DIFF, organised by the University of KwaZulu-Natal’s Centre for Creative Arts, takes place this year from 18 to 28 July in venues around Durban, South Africa. It takes the record of being one of the oldest and largest festivals in Africa, presenting over 150 films, while also offering workshops, industry seminars, discussion forums and outreach activities that include screenings in townships areas, where cinemas are non-existent.

“In celebration of 40 years of DIFF, we are proud to reveal our strong line-up of programmers,” says DIFF Manager Chipo Zhou. “Our features panel includes Tsitsi Dangaremba (Zimbabwe), Gabrielle Kelly (USA), and Peter Machen (SA/Germany), the documentaries panel is made up of Theresa Hill (South Africa) and Nataleah Hunter-Young (Canada); while the shorts panel comprises Lisa Ogdie (USA), Fibby Kioria (Uganda) and Chioma Onyenwe (Nigeria).”

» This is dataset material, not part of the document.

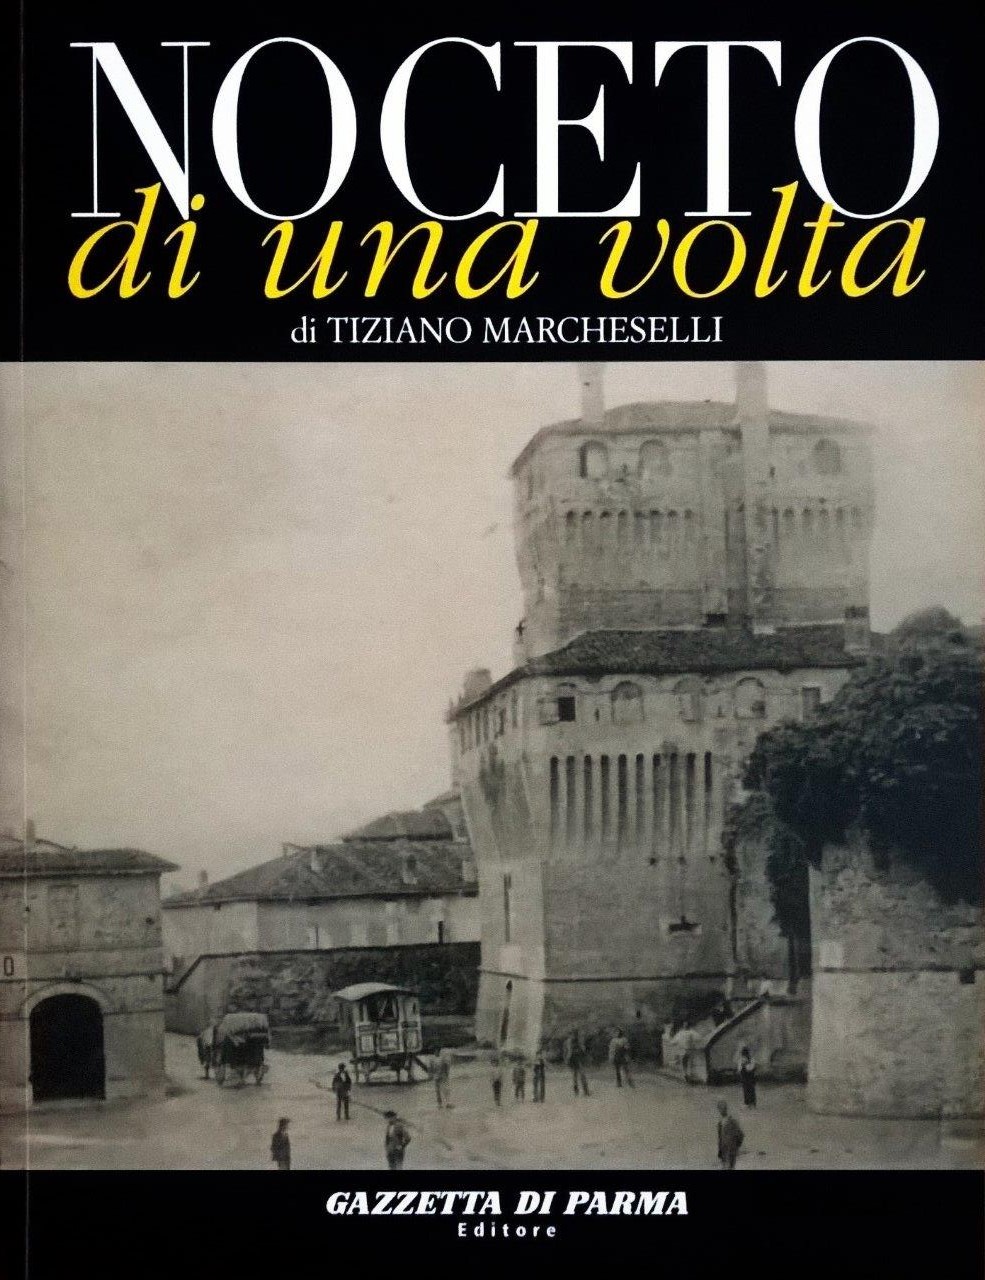 Tiziano Marcheselli, Noceto di una volta, Parma, Gazzetta di Parma Editore (Grafiche Step Editrice), 2007, prefazione di Fabio Fecci

“The role of the programmers is vital in the shaping of a festival, and we are very excited to be working with such internationally-acclaimed and recognised individuals, representing a diverse range of expertise and interests. Their task, to select 150 films from an incredible 12300 entries to this year’s festival, was a formidable challenge, and we are most grateful to them. We had, as part of the DIFF extended family, 60 reviewers from around the globe to support them, and we look forward to locking down the programme over the next few weeks, and delivering a festival befitting its “fabulously fortieth” year.”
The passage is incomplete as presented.